1
votes

I have many amino acids sequences like in a fasta format that I did multiple sequence alignment. I was trying to plot something like binary code as heatmap. If it had a change it would be red, if it did not change would be yellow, for example.

I came across to msaplot from ggtreepackage. I also checked ggmsa package for that. But so far, I did not get what I wanted. So basically I wanted to:

  1. change the multiple sequence alignment to a binary matrix (if the amino differs from the reference sequence, plot x, if not y)

  2. plot as a heatmap

A multiple sequence alignment is something like this for those who don't know.enter image description here

I know that I should provide some type of data example but I am not sure how to create an example of multiple sequence alignment

if you install ggmsa you can have an example of the data and plot in r using:

protein_sequences <- system.file("extdata", "sample.fasta", package = "ggmsa")
ggmsa(protein_sequences, start = 265, end = 300) 
1
i am not so familiar with the files for sequence alignment, the plot should be pretty easy. You wanna provide an example, for lets say a 3 protein, 20 AA ? - StupidWolf
or you ask your question in bioinformatics.stackexchange.com/users maybe there are experts on that - StupidWolf
@StupidWolf I added one script that gives an example of the plot that is in the package ggmsa - rodrigarco
what is a reference sequence? - StupidWolf
Is a standard sequence where the other will be compared. So the first sequence is complete and doens't have "-". The rest of the sequences are aligned based on that, example: ref - ATKV , sequence 1 - A-KT . So, the A and K position is conserved compared to the reference, the "-" shows that is a deletion and the last amino acid changed from V to T. - rodrigarco

1 Answers

2
votes

We read in the alignment:

library(Biostrings)
library(ggmsa)
protein_sequences <- system.file("extdata", "sample.fasta", package = "ggmsa")
aln = readAAMultipleAlignment(protein_sequences)
ggmsa(protein_sequences, start = 265, end = 300) 

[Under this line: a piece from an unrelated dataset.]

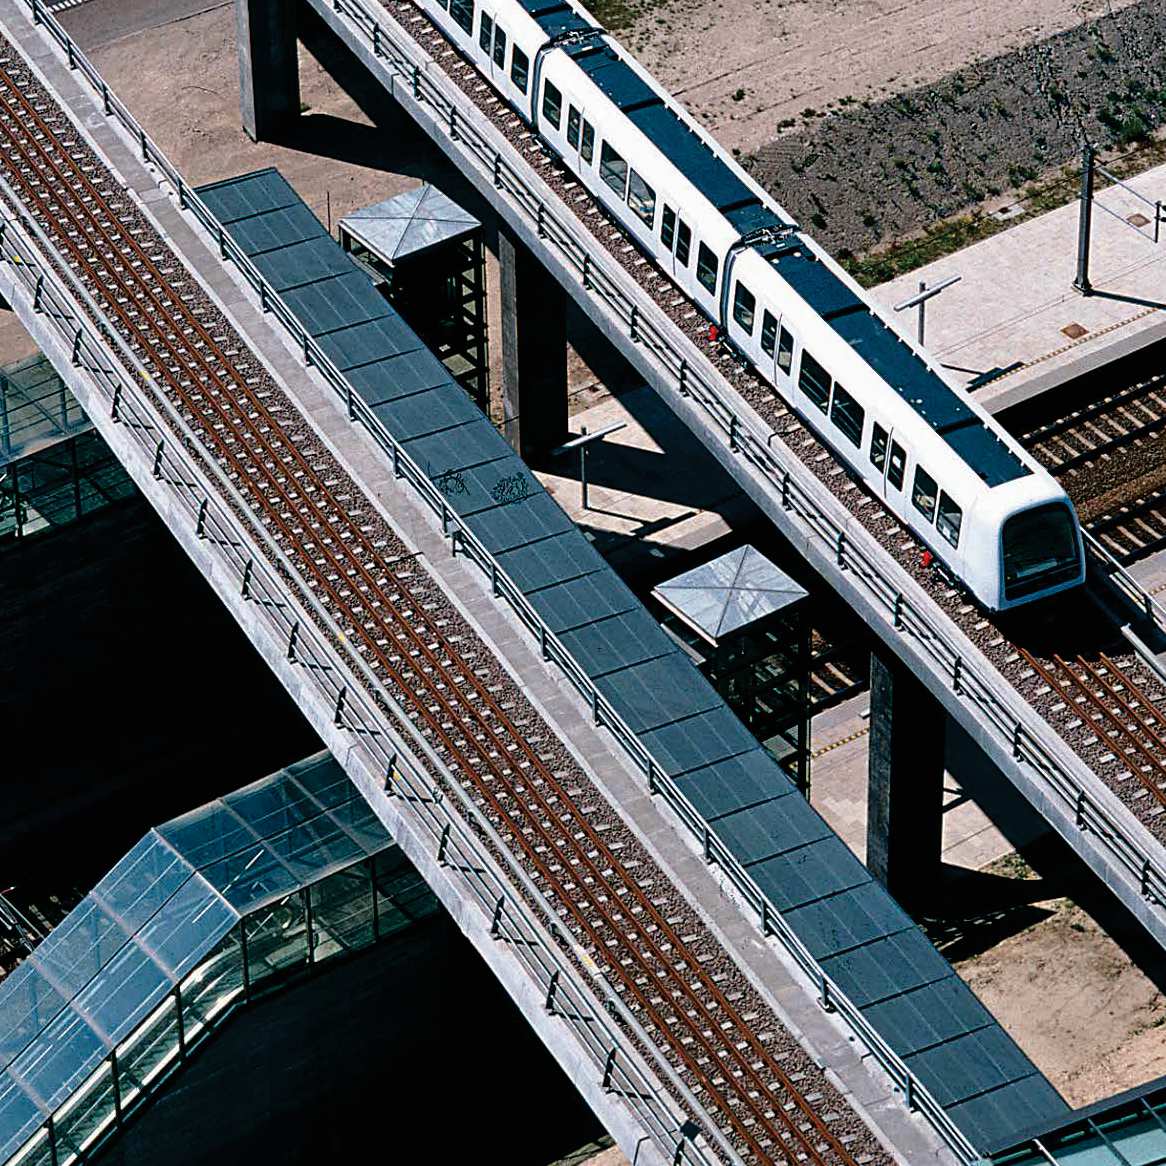 e`g [f b c e`da a \\`Z Z_\]^]\[ZY La nuova linea di metropolitana di Copenhagen, denominata Cityringen, entrerà in funzione nel 2018 e sarà costituita da convogli driverless altamente tecnologici che

enter image description here

Set the reference as the 1st sequence, some Rattus, you can also use the consensus with consensusString() :

aln = unmasked(aln)
names(aln)[1]
[1] "PH4H_Rattus_norvegicus"

ref = aln[1]

Here we iterate through the sequence and make the binary for where the sequences are the same as the reference:

bm = sapply(1:length(aln),function(i){
as.numeric(as.matrix(aln[i])==as.matrix(ref))
})

bm = t(bm)
rownames(bm) = names(aln)

The plot you see above has sequences reversed, so to visualize the same thing we reverse it, and also subset on 265 - 300:

library(pheatmap)
pheatmap(bm[nrow(bm):1,265:300],cluster_rows=FALSE,cluster_cols=FALSE)

enter image description here

The last row, is Rattus, the reference, and anything similar to that is read, as you can see in the alignment above, last 4 sequences are identical.